Belakangan ini beredar kutipan kisah Sayyidina Umar bin Khattab, Khalifah kedua, dengan sahabat Nabi Abu Musa al-Asy’ari. Dialog yang dinukil dari Tafsir Ibn Katsir ketika menjelaskan QS al-Maidah ayat 51 dipakai sebagian pihak untuk menyerang kandidat tertentu dalam Pilkada DKI. Bagaimana sebenarnya kisah tersebut? Mari kita pelajari bersama, dan untuk sementara kita niatkan untuk mengaji saja, bukan membahas Pilkada. Ini biar kajian kita menjadi obyektif.
Kisahnya sendiri dikutip oleh sejumlah kitab Tafsir, dengan perbedaan redaksi, perbedaan riwayat dan perbedaan konteks ayat ketika kisah ini diceritakan ulang. Begitu juga kita harus memahami pernyataan Khalifah Umar baik dalam konteks Usul al-Fiqh maupun dalam konteks Fiqh Siyasah. Mari kita bahas satu per satu.

Memahami background kisah

Pemahaman akan konteks akan membantu kita memahami teks. Pada masa Khalifah Umar kekuasaan Islam mulai meluas merambah area di luar Hijaz. Abu Musa al-Asy’ari diangkat menjadi Gubernur di Bashrah, Iraq. Khalifah Umar meminta laporan berkala kepada para Gubernurnya. Maka diriwayatkan Abu Musa mengangkat seorang Kristen sebagai Katib (sekretaris).

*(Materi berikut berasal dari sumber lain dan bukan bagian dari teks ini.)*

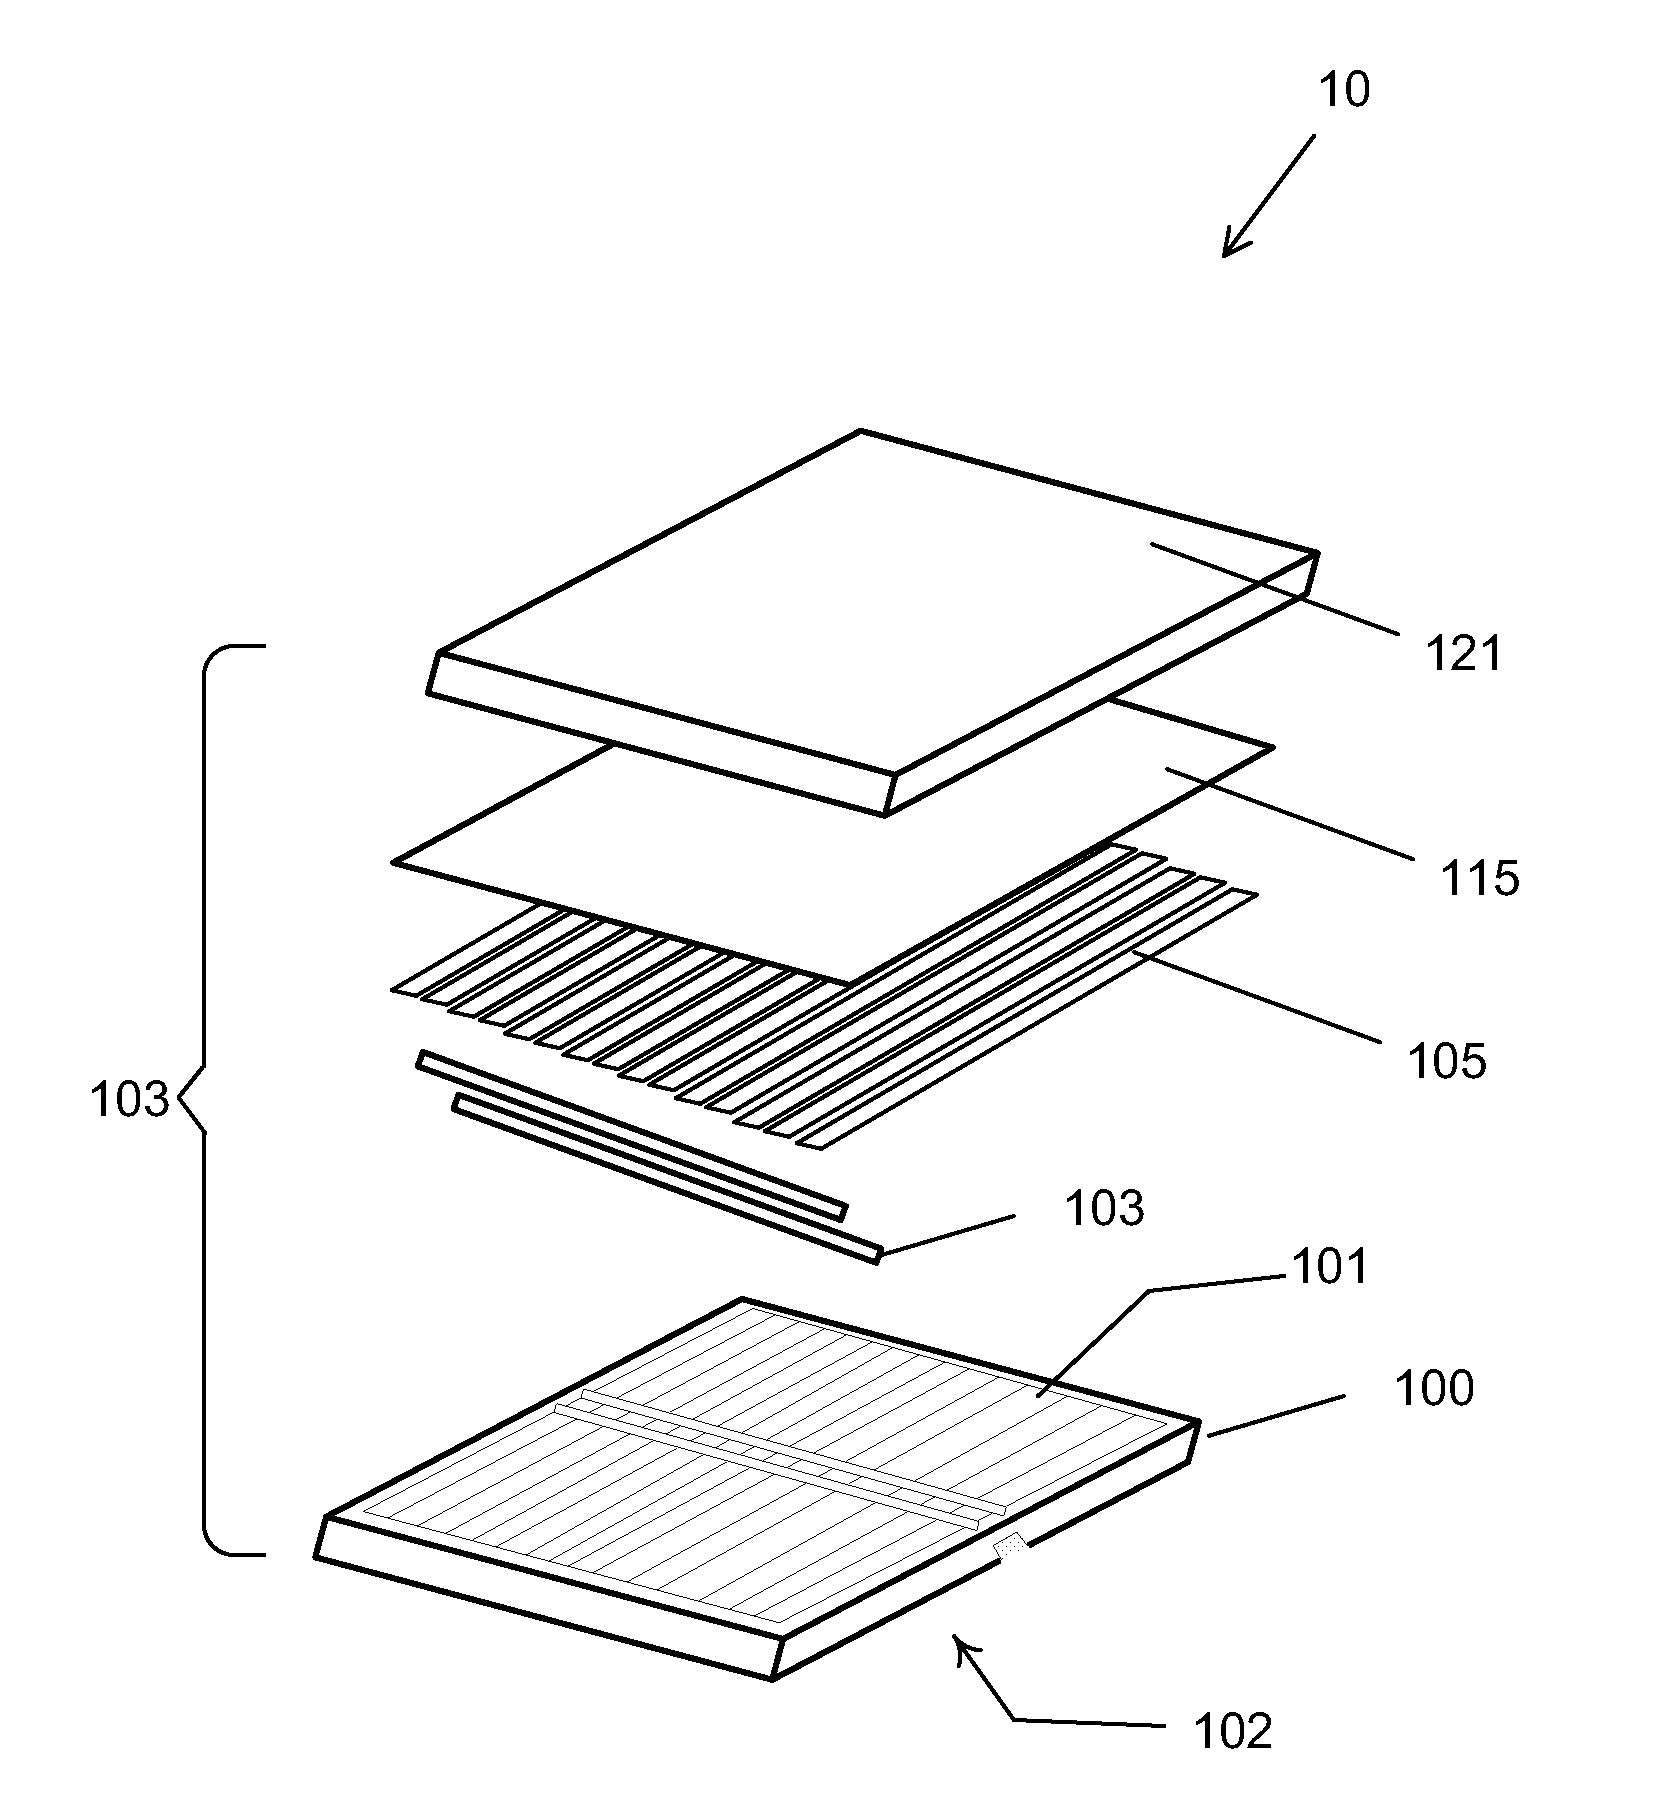 Thermal management method and device for solar concentrator systems

Sekretaris yang tidak disebutkan namanya ini bertugas mencatat pengeluaran Abu Musa selaku Gubernur. Abu Musa membawa Sekretarisnya ini memasuki Madinah, dan mereka menghadap Khalifah Umar. Umar takjub dengan kerapian catatan yang dibuat oleh sekretaris Abu Musa.

Datang pula laporan keuangan dari Syam. Mengingat ketrampilan sang sekretaris, Khalifah memintanya untuk membacakan laporan dari Syam itu di Masjid Nabawi. Abu Musa mengatakan, “Tidak bisa orang ini masuk ke Masjid Nabawi.” Umar bertanya, “Mengapa? Apakah dia sedang junub?” “Bukan, dia Nasrani,” jawab Abu Musa. Umar langsung membentak Abu Musa dan memukul pahanya, dan mengatakan, “Usir dia! (akhrijuhu)”

Kemudian Khalifah Umar membaca QS al-Maidah 51. Kisah di atas dinukil dari Tafsir Ibn Katsir yang meriwayatkan dari Ibn Abi Hatim. Saya cek kitab Tafsir Ibn Abi Hatim dan menemukan kisah yang sama. Kisah tersebut juga dicantumkan dalam sejumlah kitab tafsir lainnya seperti Tafsir al-Darr al-Mansur.

Perbedaan redaksi

Riwayat berbeda dicantumkan dalam Tafsir al-Qurtubi, dimana di bagian akhir dialog ada perbedaan ucapan Umar. Imam al-Qurtubi juga mencantumkan kisah di atas bukan dalam QS al-Maidah:51 tapi dalam QS Ali Imran:118. Ini yang disampaikan Umar versi Tafsir al-Qurtubi: “Jangan bawa mereka mendekati sesuatu yang Allah telah jauhkan, jangan memberi mereka kehormatan ketika Allah telah menghinakan mereka, dan jangan mempercayai mereka ketika Allah telah mengatakan mereka tidak bisa dipercaya”.

Dalam riwayat lain yang dicantumkan oleh Kitab Tafsir al-Razi, sebagaimana juga disebutkan dalam Kitab Tafsir Bahrul Muhit, al-Lubab fi Ulumil Kitab, Tafsir al-Naisaburi ada lanjutan dialognya: Abu Musa berkata: “Tidak akan sempurna urusan di Bashrah kecuali dibantu orang ini”. Khalifah Umar yang sedang murka, menjawab singkat: “Mati saja lah orang Kristen itu. Wassalam”.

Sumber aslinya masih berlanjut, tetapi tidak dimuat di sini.